Much of Edgette's community service was conducted with the U.'s Bennion Community Service Center and Honors College Social Justice Scholars program, which Bradley directed, and the Mestizo Arts and Activism Collective.

"She leads by example in a humble and enthusiastic way, and seeks information and ideas from others to continue her ever-increasing knowledge and growth," said Gina Russo, the service center's assistant director. "She is a hard-working, bright and altruistic person who cares deeply about her community."

The only child of long-time Alta Ski Area employees, Edgette grew up skiing the storied slopes of Collins and Albion basins and competed as a racer and later as a big-mountain free skier. Preparing for a career wasn't exactly the first thing on her mind when she graduated from Alta High School in 2008.

"I was a ski bum. I wasn't a Sterling Scholar or anything," she said. Edgette paid for school through a variety of scholarships and worked last summer as a governmental relations intern the Food Research and Action Center in Washington, D.C., going to work every day in heels and a pencil skirt to lobby to protect the Supplemental Nutrition Assistance Program and researched the educational benefits of school gardens.

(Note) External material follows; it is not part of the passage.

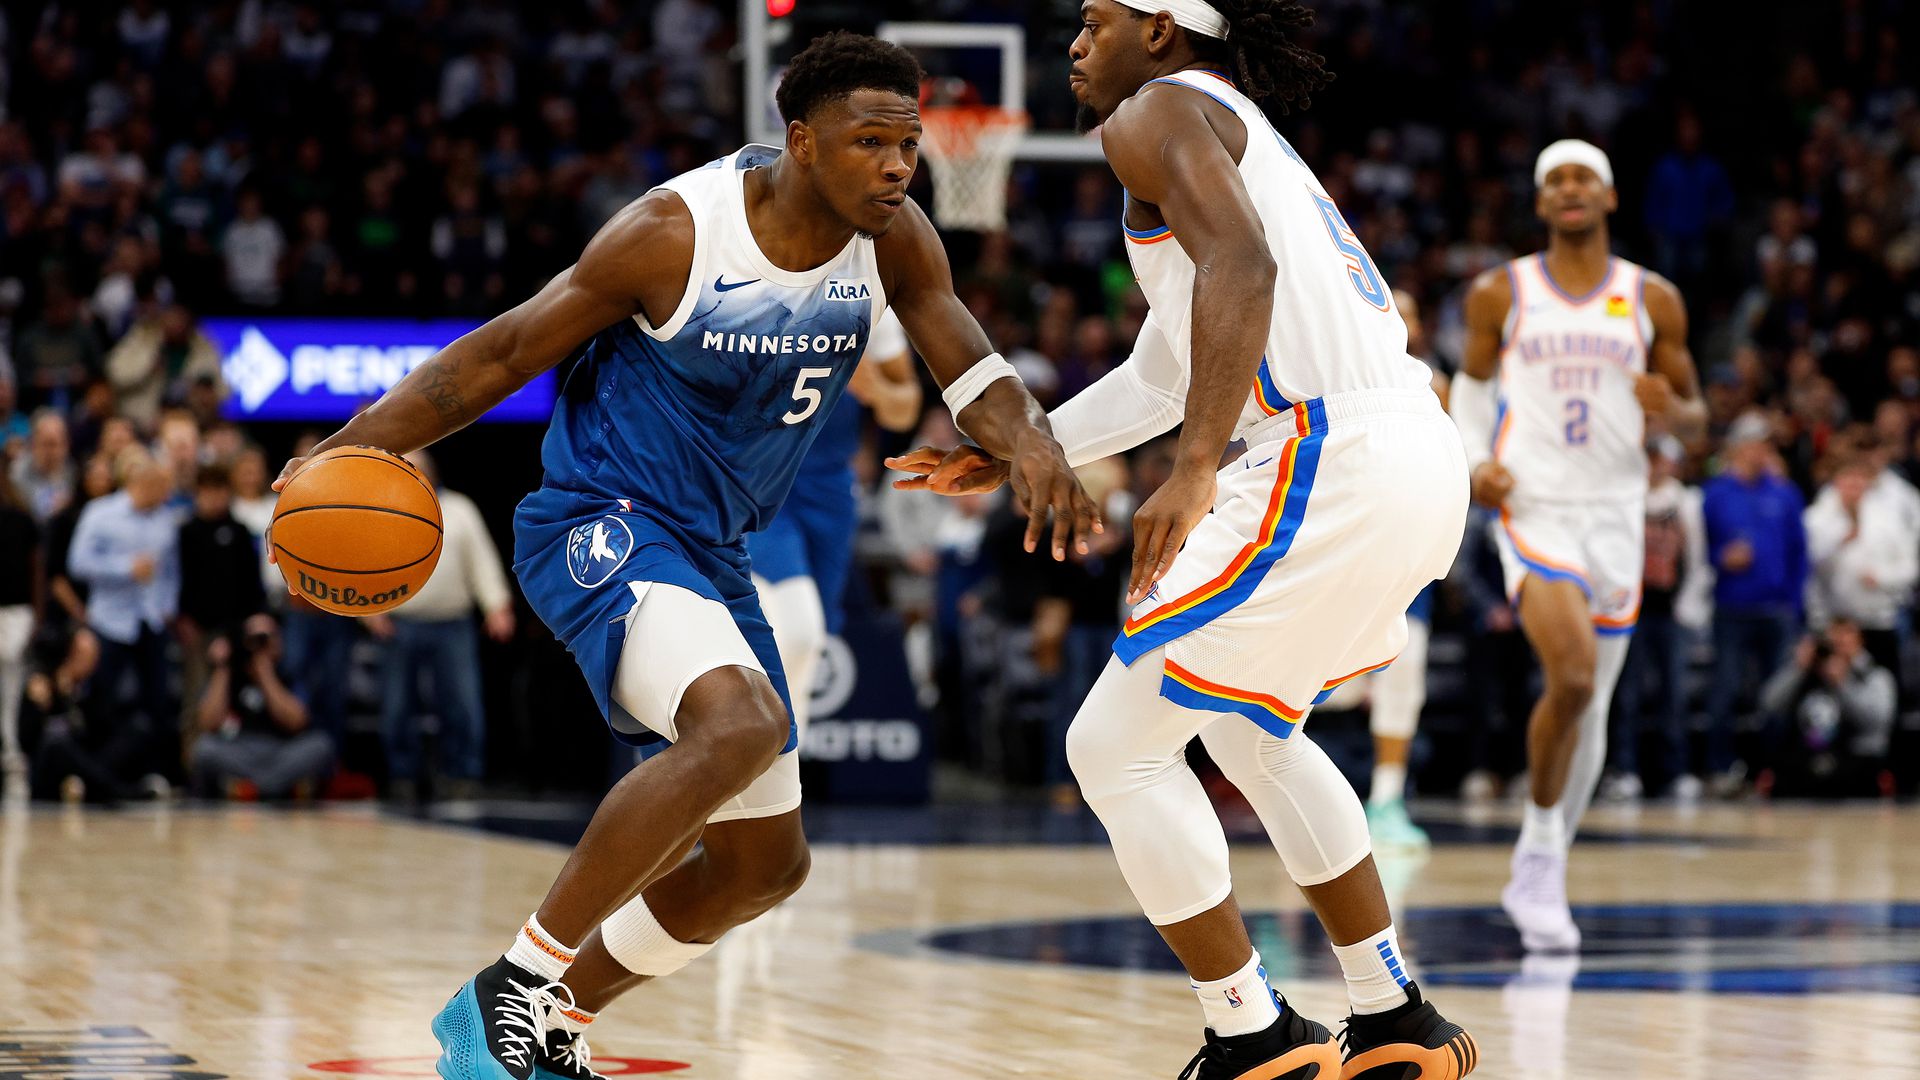 thunder 102, wolves 97: an ugly choke job in playoff-like atmosphere

Back in Utah she works 10 hours a week for the Salt Lake City School District as a family advocate assigned to Mountain View Elementary, where she helped start a community garden a few years ago as part of Bennion's Social Justice Gardens program.

Her Truman proposal seeks to build community food security by increased funding for USDA Community Food Projects and integrating them into Title I elementary schools.

"It is about creating infrastructure for food systems in the U.S. It looks at not only how food is distributed, but also how do we produce food and think about farms," she said.

This month she will build 30 raised garden beds in Jackson's northwest corner near 200 North and 750 West. Residents of Rose Park and other nearby neighborhoods can reserve plots and each grade at Jackson will have their own bed. The project's name? Cougar Garden.

bmaffly@sltrib.com Truman Scholars

Congress established the Truman Scholarship Foundation in 1975 to honor the 33rd president. The foundation awards scholarships that come with $30,000 and priority admission to the nation's most prestigious graduate programs and fellowship opportunities with the federal government. Winners are selected by panels made up of a university president, a federal judge, a distinguished public servant, a past Truman scholar and others who have distinguished themselves in public service. Aiming to pick a scholar from all 50 states, the panel selects winners based on academic achievement, public service, policy proposals and leadership potential.

Ashley Edgette is the U.'s sixth Truman Scholar in a row. The others are senior Brandon Peart, who graduates this spring and will intern at the State Department's Office of Terrorism Finance and Sanctions Policy; Cody Rogers is completing his first year of law school at the University of Virginia; one-time student president Patrick Reimherr is a social science research analyst at the U.S. Department of Health and Human Services; 2009 graduate Ingrid Price is a second-year law student at Stanford and will intern this fall with Nina Totenberg, NPR's legal correspondent; and 2008 graduate Bryson Morgan, who graduated cum laude last year from Harvard Law School, practices with the Washington, D.C., firm Caplin & Drysdale, where he advises clients on election, campaign finance, pay-to-play, lobbying, and governmental ethics laws and regulations.

Ashley Edgette, who has done much work with community gardens, named Truman Scholar.